▶ **Material for this exercise**:
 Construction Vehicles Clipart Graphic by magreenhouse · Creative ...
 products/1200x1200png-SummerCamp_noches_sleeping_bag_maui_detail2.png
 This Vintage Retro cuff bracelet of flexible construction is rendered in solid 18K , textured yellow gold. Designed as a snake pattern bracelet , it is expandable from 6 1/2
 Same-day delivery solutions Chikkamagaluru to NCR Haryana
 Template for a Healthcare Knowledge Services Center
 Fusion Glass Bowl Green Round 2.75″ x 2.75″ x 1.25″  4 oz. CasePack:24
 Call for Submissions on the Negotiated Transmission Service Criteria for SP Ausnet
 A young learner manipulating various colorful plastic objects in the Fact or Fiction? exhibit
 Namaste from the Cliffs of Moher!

▶ **Directions**: Among the records, find every line holding the word "from" and copy it.

▶ **Output below**:
 This Vintage Retro cuff bracelet of flexible construction is rendered in solid 18K , textured yellow gold. Designed as a snake pattern bracelet , it is expandable from 6 1/2
 Namaste from the Cliffs of Moher!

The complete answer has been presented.